Running Registry cleaners generally makes us nervous, as they’re far more likely to remove some important setting than make any measurable difference to your system speed.
Most developers try to address this by building real intelligence into their code, but “Clean PC Smart” takes a different route: despite listing thousands of “issues” and claiming to fix them, it never deletes anything at all.
We first noticed the program in October, when it quickly raised concerns: new product, new website, unknown developer, no reviews, no clarity at all about the program licence or functions.
Other major review sites didn’t seem to be concerned and listed the program immediately, but we decided to investigate a little further.
We started by using Sysinternals Process Monitor to track what the program did during installation and its first run, and noticed that it buried its settings under a Microsoft key, where they’d be very difficult to spot: HKEY_CURRENT_USER\SOFTWARE\Microsoft\SecurityXX
Network capture tool Colasoft Capsa showed how Clean PC Smart attempted to compromise our privacy on its first launch by obtaining our IP address, computer name and network adapter’s MAC address, then uploading them to its own server.
The program starts its “scan” immediately, and quickly delivered an almost useless report: “Registry Cleaner” listed thousands of legitimate keys, “Windows Startup” contained only four items from a single Registry key (even Task Manager listed 21), the “Browser Add-Ons” page actually referred to internet history files, the “Task Manager” section was a static list of running processes, and so on.
We asked Clean PC Smart to “fix” these issues anyway, and ran more scans. Most maintenance programs will find more “issues” immediately, either because they were unable to delete everything they found last time, or removing Registry keys has created more inconsistencies, but Clean PC Smart claimed there were now no problems at all.
Suspicious, we used Sysinternals Process Monitor to watch what Clean PC Smart was doing during its Registry scanning and cleaning, and found it was just reading the same keys, over, and over, and over again. Even when it was supposedly “fixing” these “issues”, nothing was ever deleted.

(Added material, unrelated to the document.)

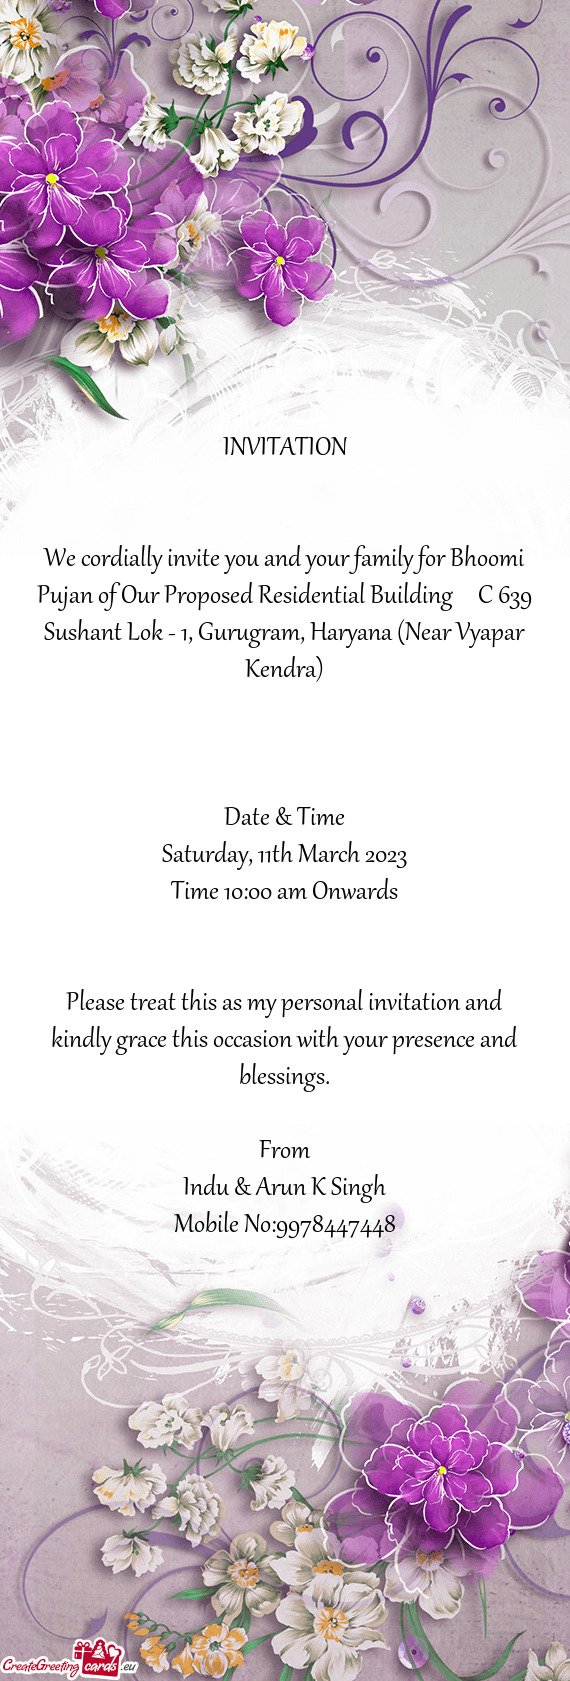 We cordially invite you and your family for Bhoomi Pujan of Our Proposed Residential Building  C

As Clean PC Smart is a .NET program, we tried opening it in DnSpy, a .NET decompiler. This allowed us to follow the logic of the program’s code, and see exactly what it was doing.

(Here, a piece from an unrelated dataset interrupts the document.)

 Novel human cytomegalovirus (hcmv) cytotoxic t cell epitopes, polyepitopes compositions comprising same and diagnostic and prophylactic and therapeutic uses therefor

The secret turned out to be childishly simple. The program was writing the date it scanned a particular area of the Registry, such as your shared DLLs. When you ran a scan later, it checked how many days had elapsed since your last check, and if this was more than a fixed figure – 15 for shared DLLs, 25 for services etc – it added the keys in that section to the list.
The end result is the problem count would increase over time, sort-of simulating real life, but none of them represented any real issue on your PC.

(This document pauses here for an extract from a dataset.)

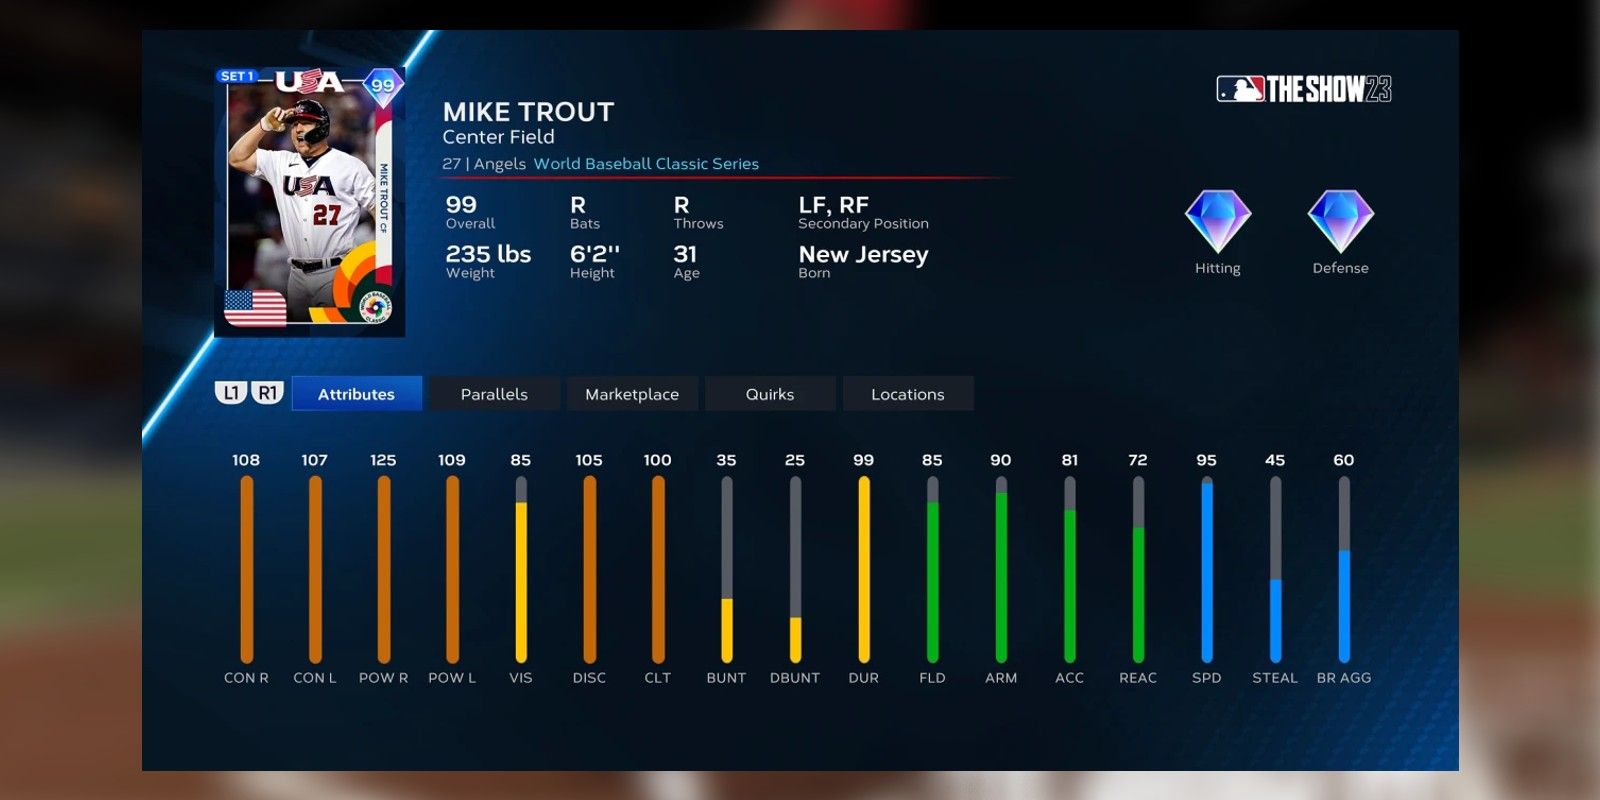 Mike Trout is one of the best overall picks for a line up in MLB The Show 2023

If you decided to “fix” these “issues”, there was more fake activity to make it look like something was happening. But all that really mattered is the program updating its last scan dates, so if you ran a check immediately afterwards you’d get a “no issues found” message.
This all seemed clear enough in the code, but we verified it manually, too.
Running the program on our test PC initially displayed 9,828 Registry issues; we clicked Fix, scanned again and no issues were found.
We then deleted the HKEY_CURRENT_USER\SOFTWARE\Microsoft\SecurityXX key with Clean PC Smart’s “last scan” dates, ran the program, and it reported the same 9,828 Registry issues it had supposedly just “fixed”.
What’s the point of this pretence? There might be a clue in the toll free technical support number highlighted in the interface. Googling for that number found assorted websites recommending we call it to fix problems with printers, viruses, driver updates and more.
We don’t know the whole story about these issues – and there are also many more positive reviews – but whatever the truth, “Clean PC Smart” is best avoided. Apart from being technically inept, it stays running when the main window is closed, we noticed other code to display pop-up messages and (possibly) fake virus alerts, and there may well be more sinister features we’ve missed.
On the investigation front, if you’ve any knowledge of coding – even basic VBScript – then DnSpy is a great tool for helping you understand what a .NET program is doing. Check it out.